[Data shown — start]
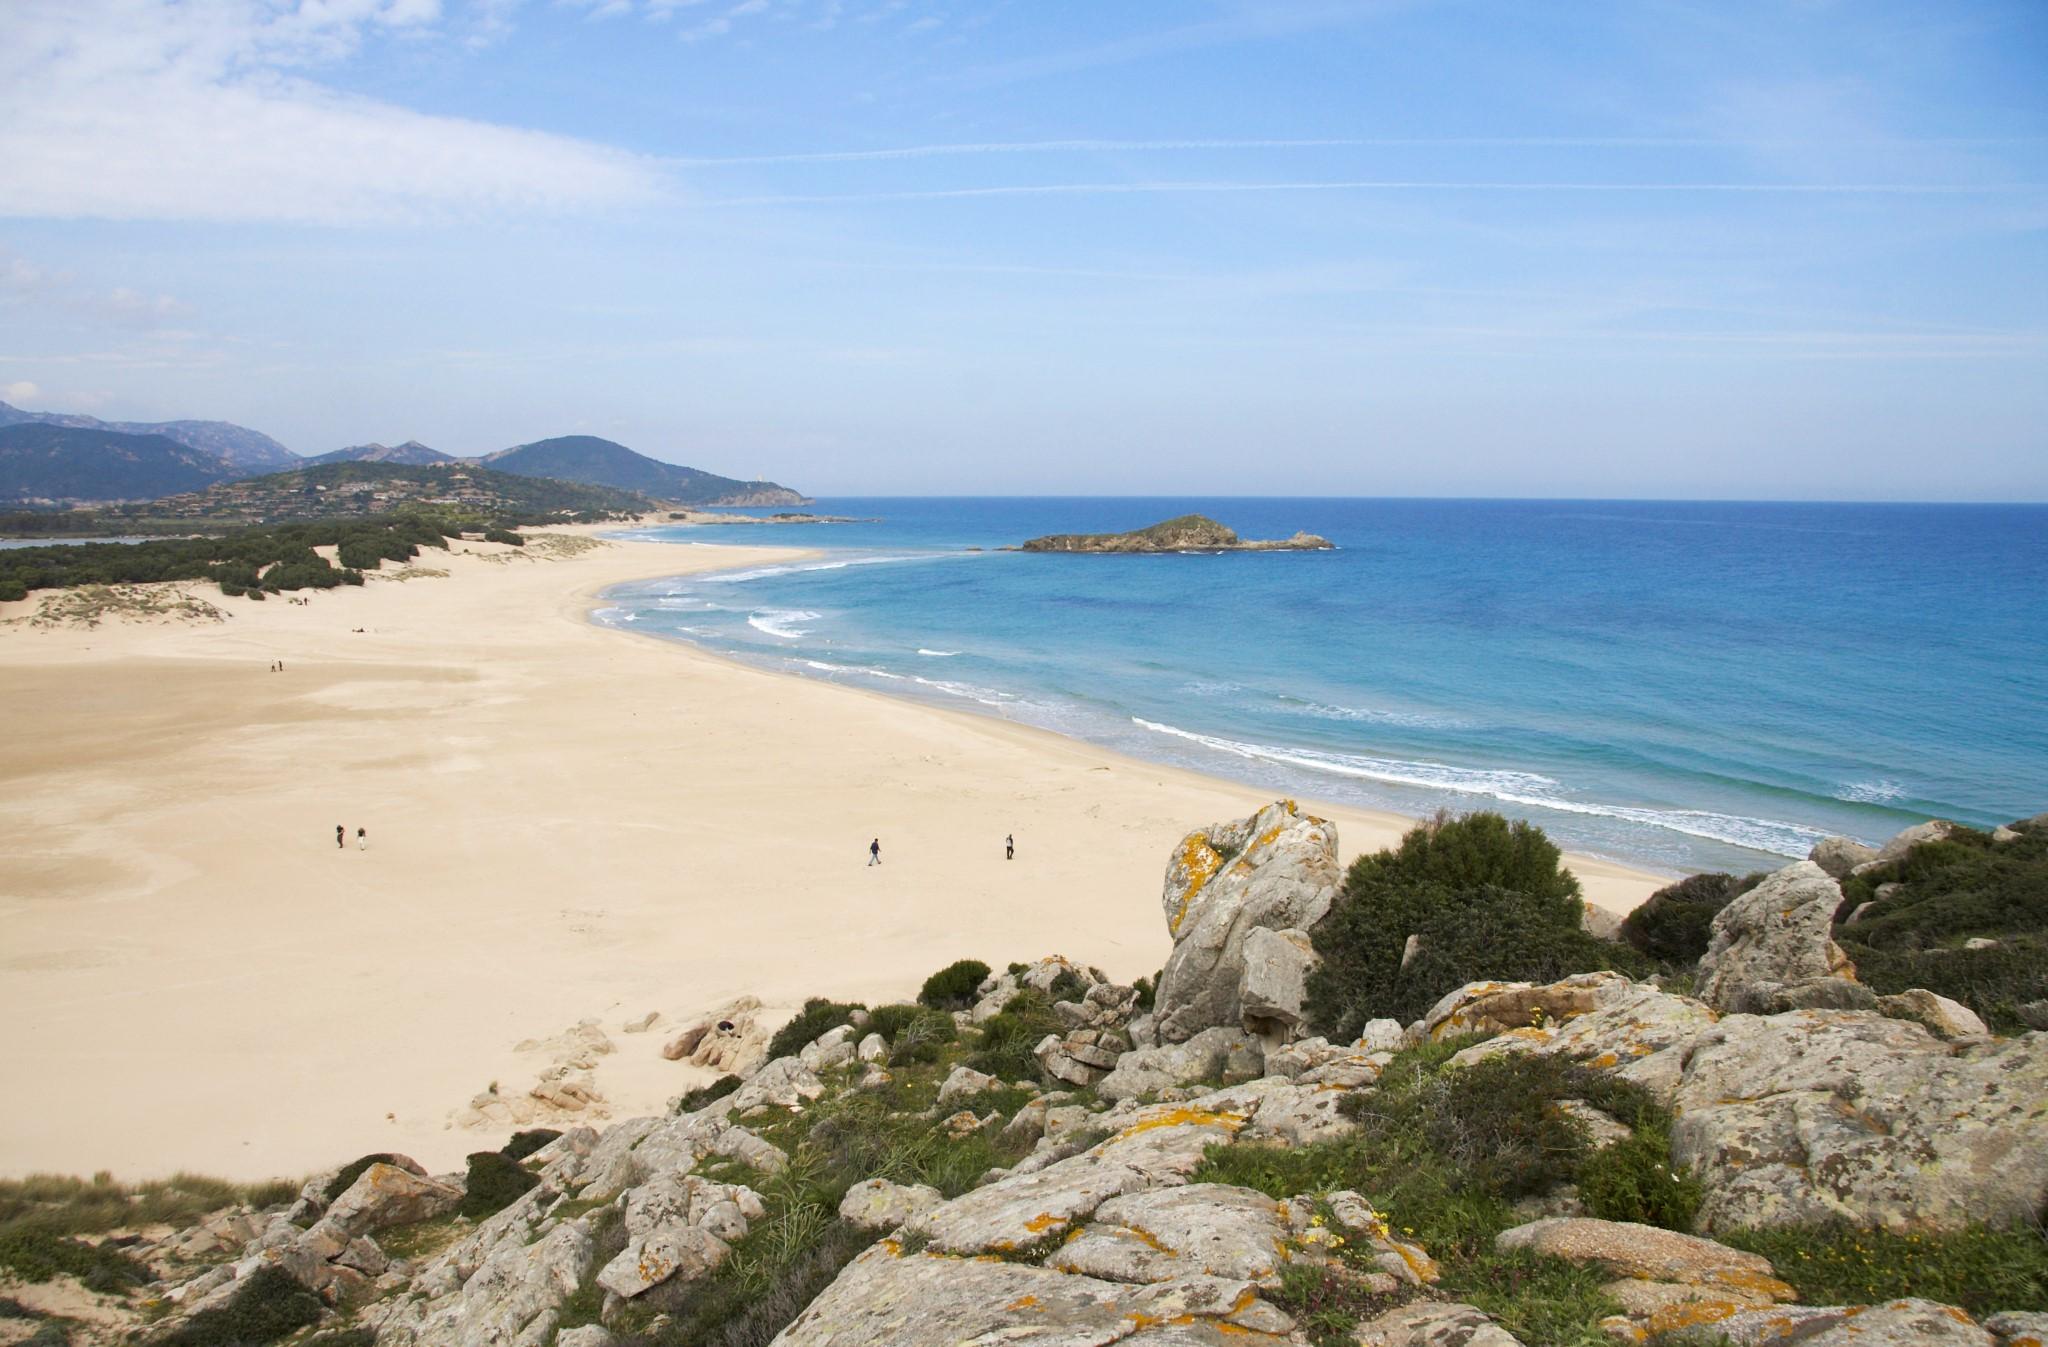 Beach of Su Gudeu, Chia, Sardinia, Italy
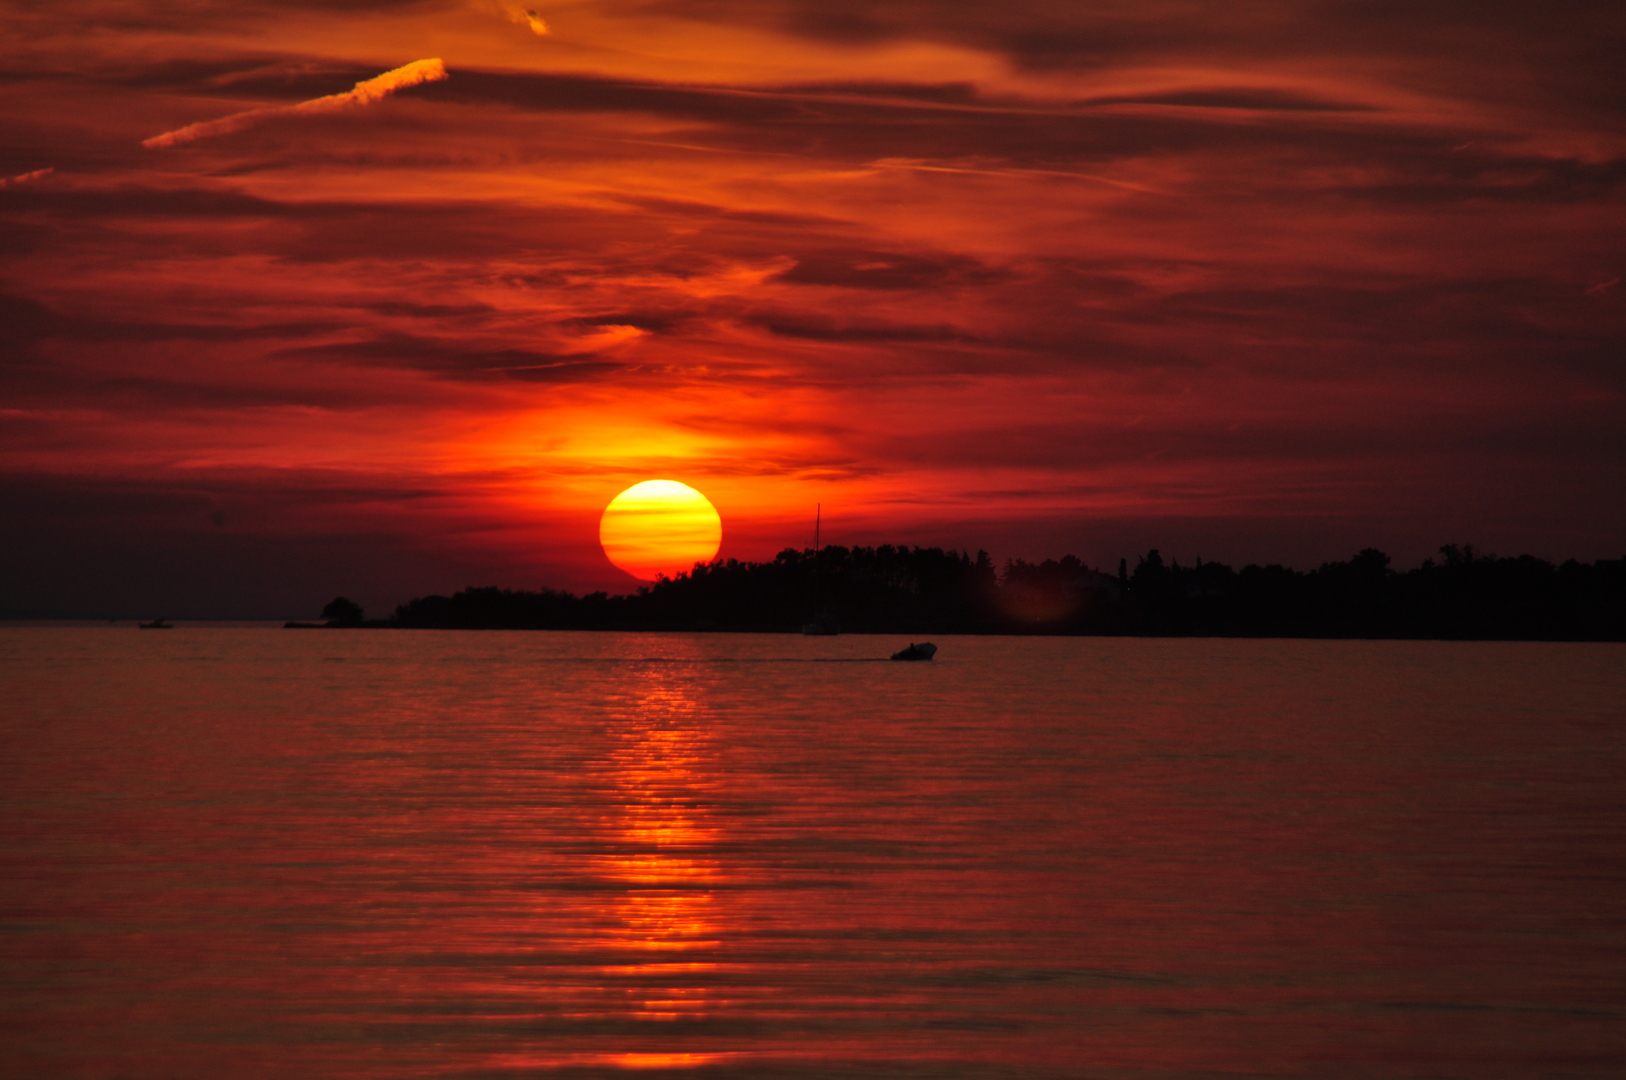 صوره جمال غروب الشمس , من اجمل المناظر الطبيعية
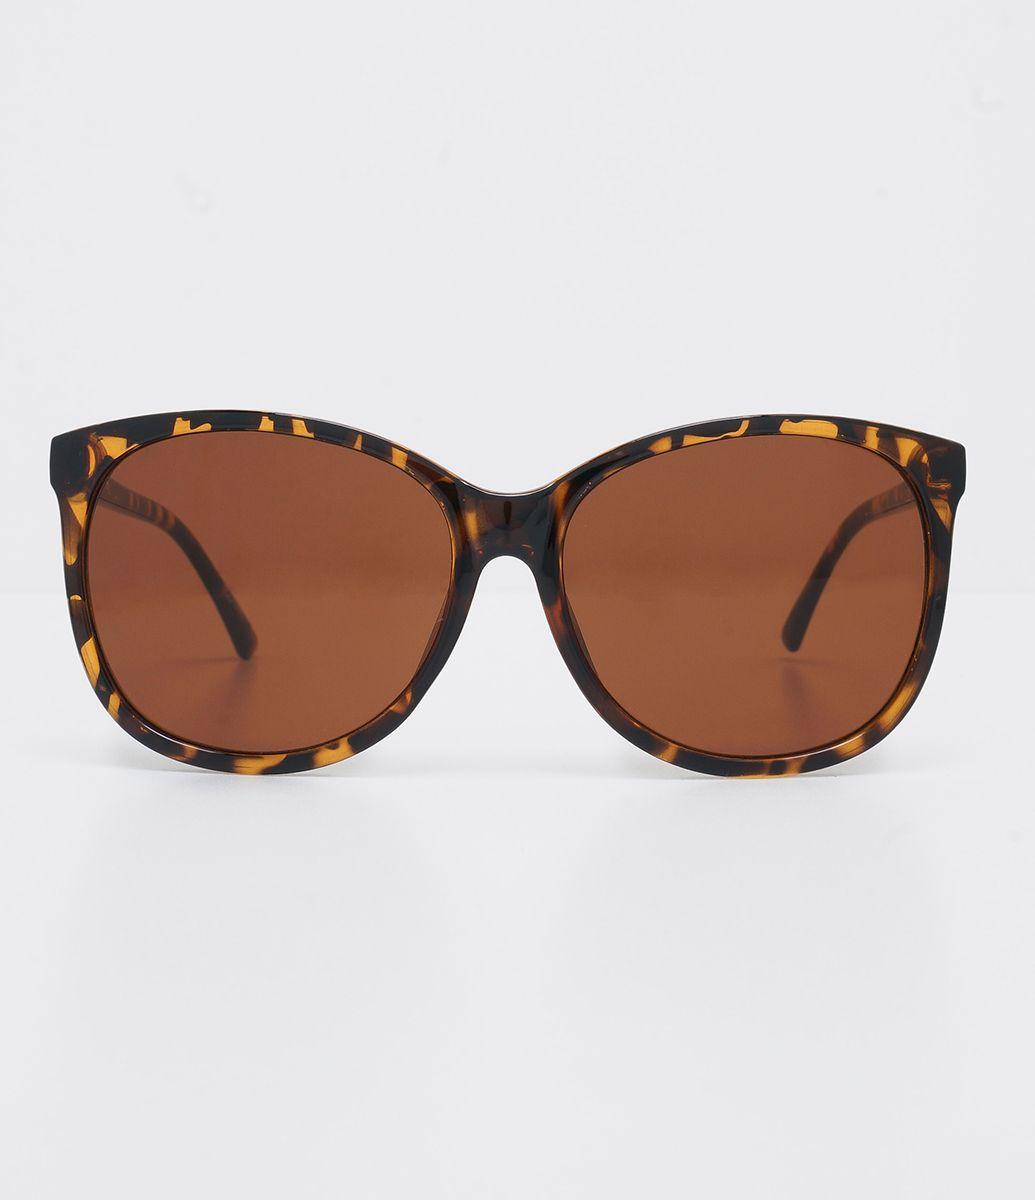 53df29ddb3c62 Óculos de sol Modelo redondo Hastes em acetato Lentes degradê Proteção  contra raios UVA   UVB
[Data shown — finish]
Work order: Output the full listing above exactly, excluding all pictures.

Answer section:
 Beach of Su Gudeu, Chia, Sardinia, Italy
 صوره جمال غروب الشمس , من اجمل المناظر الطبيعية
 53df29ddb3c62 Óculos de sol Modelo redondo Hastes em acetato Lentes degradê Proteção  contra raios UVA   UVB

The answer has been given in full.